• MATERIAL TO PROCESS:
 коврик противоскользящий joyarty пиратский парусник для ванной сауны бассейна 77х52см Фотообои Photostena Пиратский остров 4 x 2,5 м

--

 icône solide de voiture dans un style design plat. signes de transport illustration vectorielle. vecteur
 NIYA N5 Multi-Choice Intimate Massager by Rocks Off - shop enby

• PROBLEM TO WORK ON: Exactly the lines above from the one with "icône solide de" to the one with "NIYA N5 Multi-Choice", both included, are to be quoted; leave the rest out.

• TASK OUTPUT:
 icône solide de voiture dans un style design plat. signes de transport illustration vectorielle. vecteur
 NIYA N5 Multi-Choice Intimate Massager by Rocks Off - shop enby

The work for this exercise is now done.